Paper
Lockstep-Parallel Dualization of Surface Triangulations
Description
We present a massively parallel lockstep algorithm for dualizing large numbers of surface triangulation graphs, and an effective implementation for CPU, GPU and multi-GPU. The algorithm is fully combinatorial, i.e., it does not require or use a planar or spatial embedding, only the graph.
This work is motivated by a wish to perform computational chemistry experiments on entire isomerspaces of polyhedral molecules, comprising billions of distinct molecules, each represented by a cubic graph. However, the algorithm applies not only to triangulations of the sphere, but to any triangulations of oriented surfaces of any genus, for example toroidal topologies.
Our multi-vendor implementation in SYCL outperforms the previous sequential state-of-the-art by 4 orders of magnitude on our consumer NVIDIA RTX3080 Graphics Processing Unit (GPU), with average throughput 37ps(+/- 0.1ps) per vertex (varying from 50ps to 31ps for C72-C200).
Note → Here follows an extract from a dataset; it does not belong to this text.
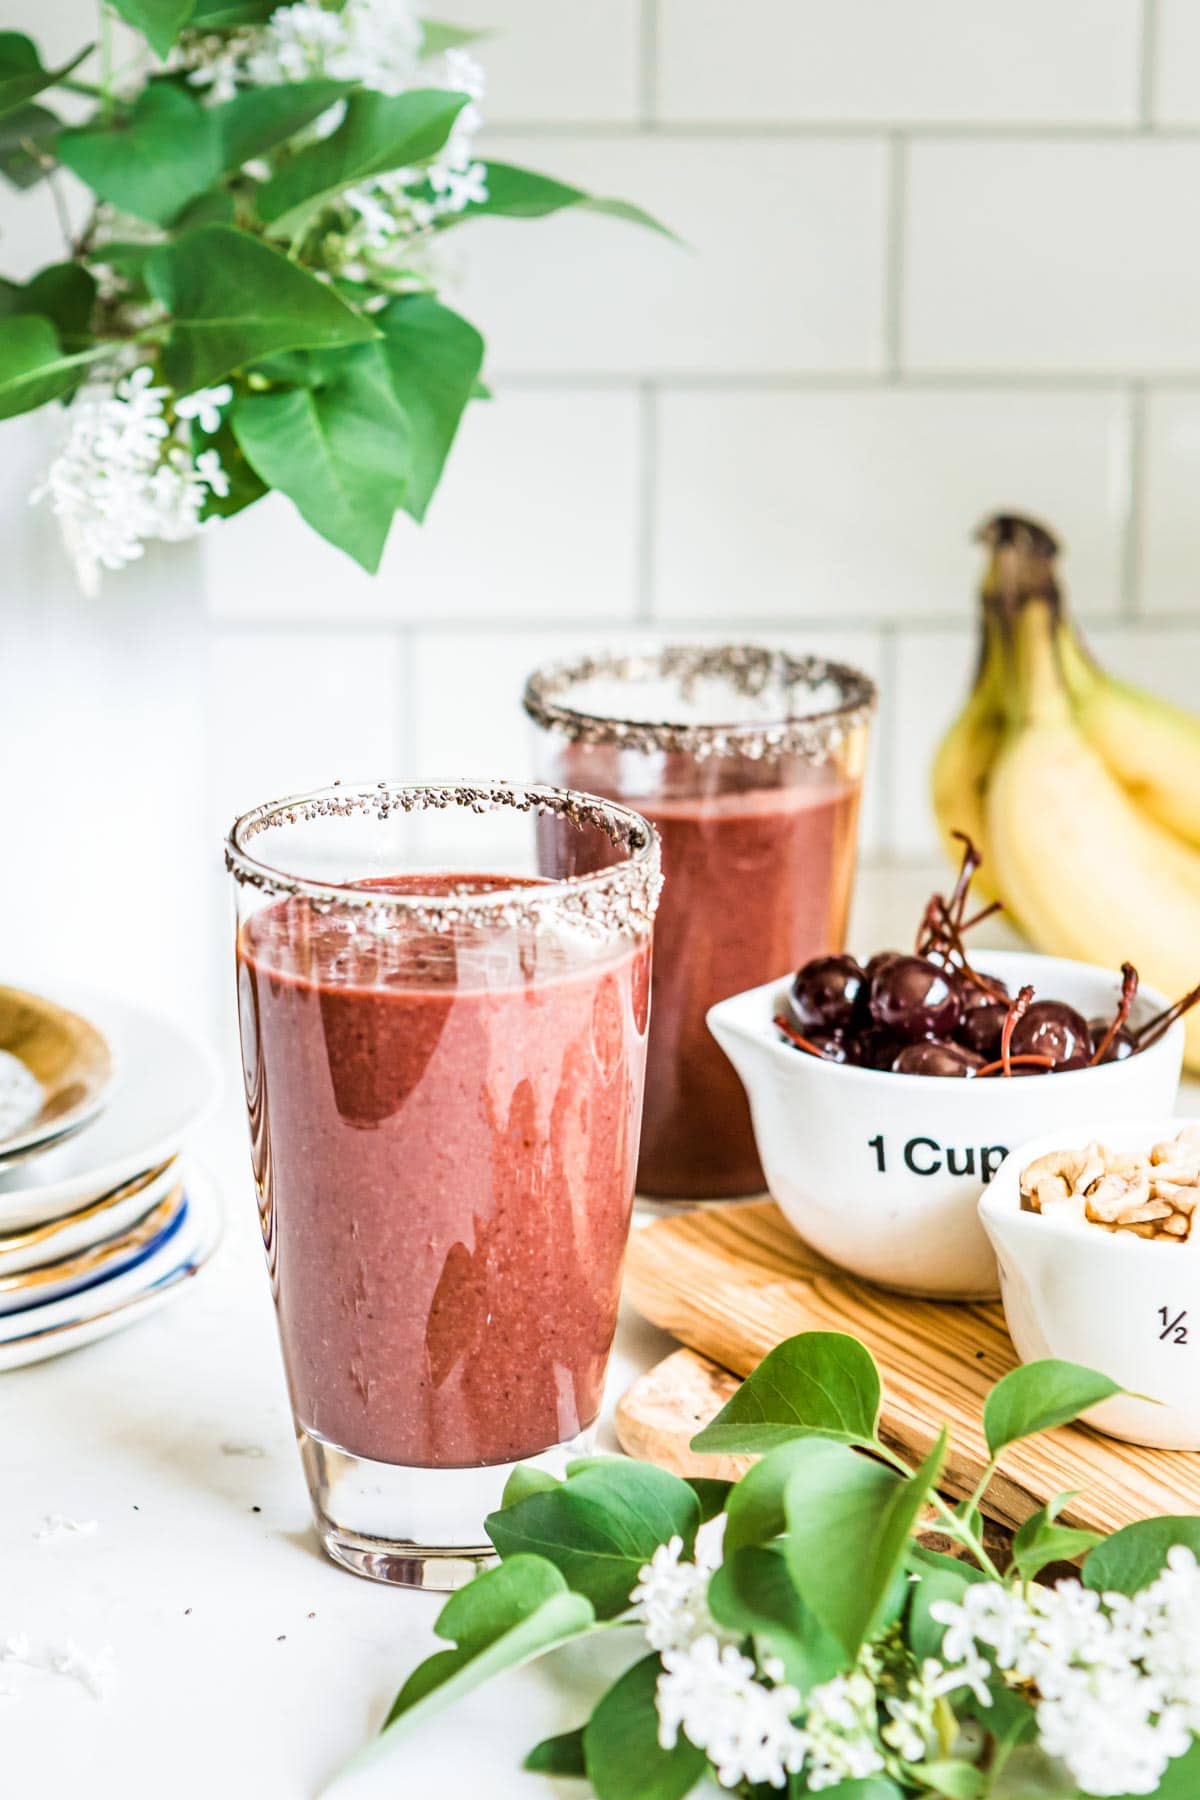 2 açai smoothies in glasses rimmed with chia seeds, next to bowls of cherries and cashews.

Thus, dualizing e.g. all 214,127,742 C200 fullerene molecules adds a mere 1.49s(+/- 0.01s) to the total processing time, negligible compared to the two hours required to generate the graphs. We subsequently perform extreme multi-node-multi-GPU scaling experiments on the LUMI-G supercomputer, achieving near-perfect scaling up to 1024 MI250x Graphics Compute Dies (GCD), in total 14.5 million cores. Calculations show that dualization has moved from a bottle-neck to being ready to contribute to our planned large-scale chemical experiments for all 2.7 x 10^12 fullerene molecules from C20 through C400.